You'll never know who I am. And we'll never be the same.'
And
then I led Aron Crane back through the darkness of the Dead Tracks.
Three
weeks later, police were still trying to unravel the lie that was Aron Crane's
life: his wife, his child, his victims, his reasons. The six women he'd left
floating in formalin were there for reference. He could have buried them in the
ground like Milton Sykes had, but as he got closer to working on Megan, he
needed to be able to refer to the problems he'd encountered during surgery, and
the mistakes he'd made along the way.
To
start, as had been the case when he was first arrested, he refused to talk.
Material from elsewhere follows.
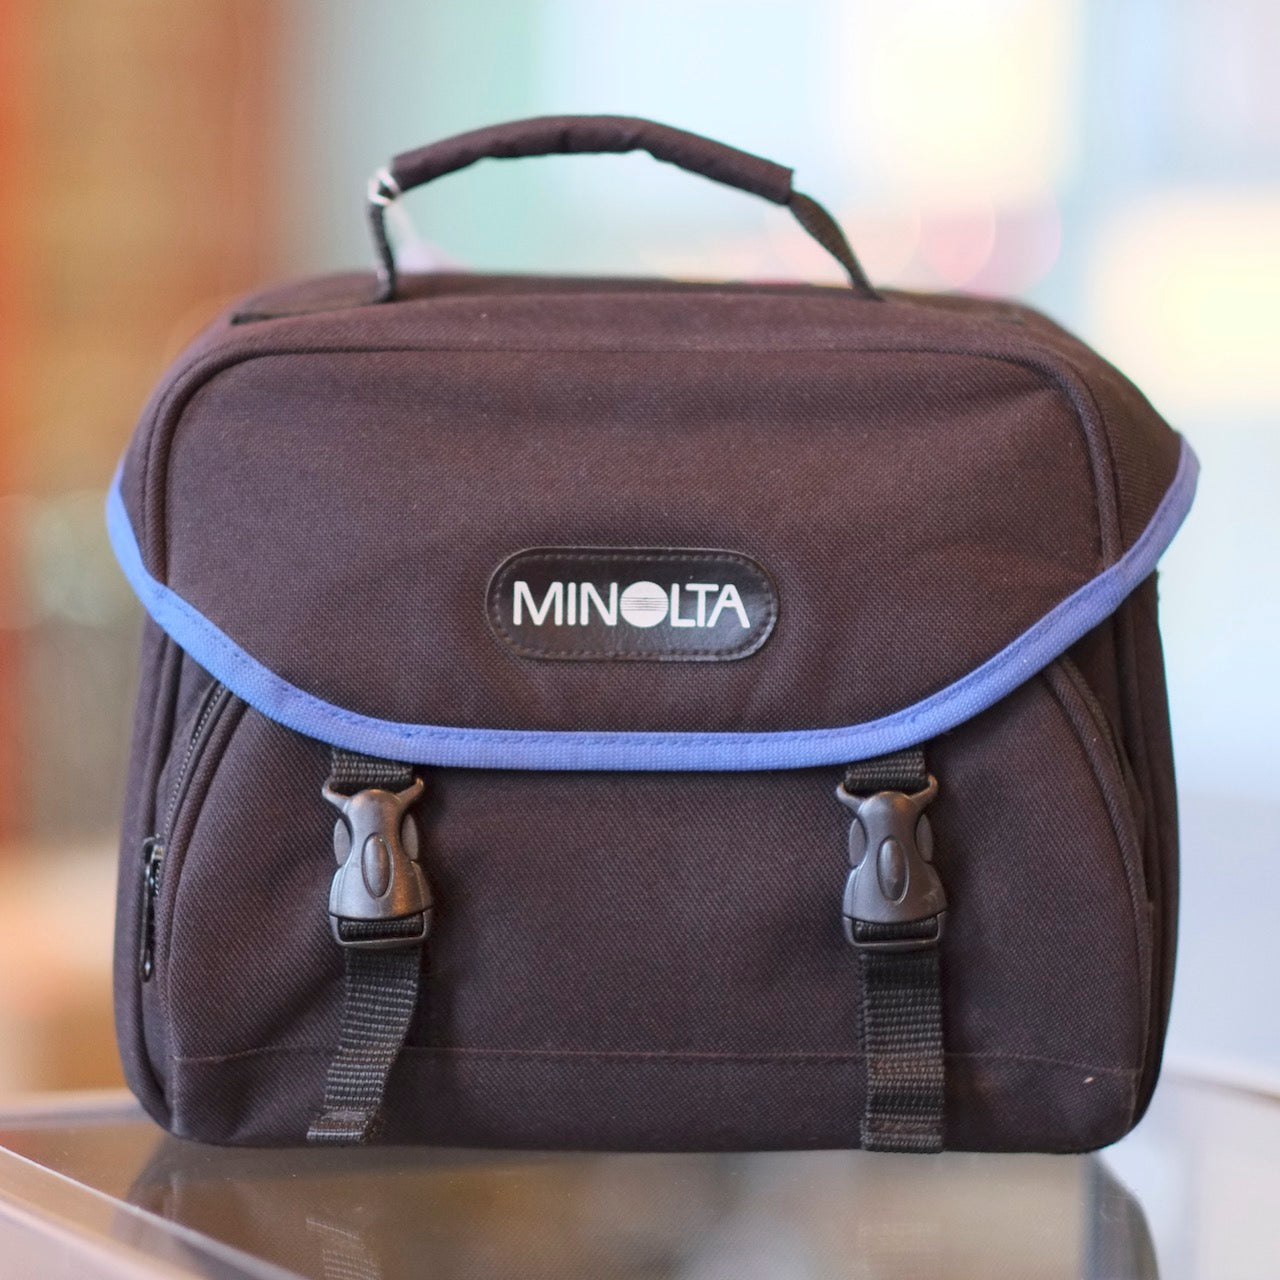 Minolta camera bag

But
he did open up a little eventually. Police brought in the best psychologist
they could find and he worked some details out of Crane. Small details, like
how he pushed his wife Phedra off the decking on the top of his house. Whatever
his reasoning, the psychologist failed to illicit any emotion from Crane about
the moment he leaned over the railings and looked down at his dead wife,
pregnant with his child. Any sign he missed her, or regretted what he'd done.
He buried them in the woods, and in all the time people tried chipping away at
him, it proved the only chink in his armour. The only way to get him to talk.
Crane may have been a wall of silence, but Phedra was the tiny hole that would
never seal over.
He
pleaded guilty to murdering the six women he preserved in formalin, killing
Susan Markham and kidnapping Megan, Jill and Sona, but said virtually nothing
during the trial, other than to confirm his name. After four days, the jury
found him guilty and he was given seven life sentences, to run concurrently. I
watched the news every day during that time, waiting to see an egotistical
flash, or hear how he'd smiled at jurors while recounting the horrific things
that he'd done. But reporters always described him as subdued, and after a
while I realized - without his project, without the opportunity to move from
one stage to the next — he had nothing left. When he was even incapable of
expressing any regret over what he'd done to his wife and child, it was obvious
there were no hidden depths to him. Nothing else to his make-up. With no
control and no power, there was no Aron Crane.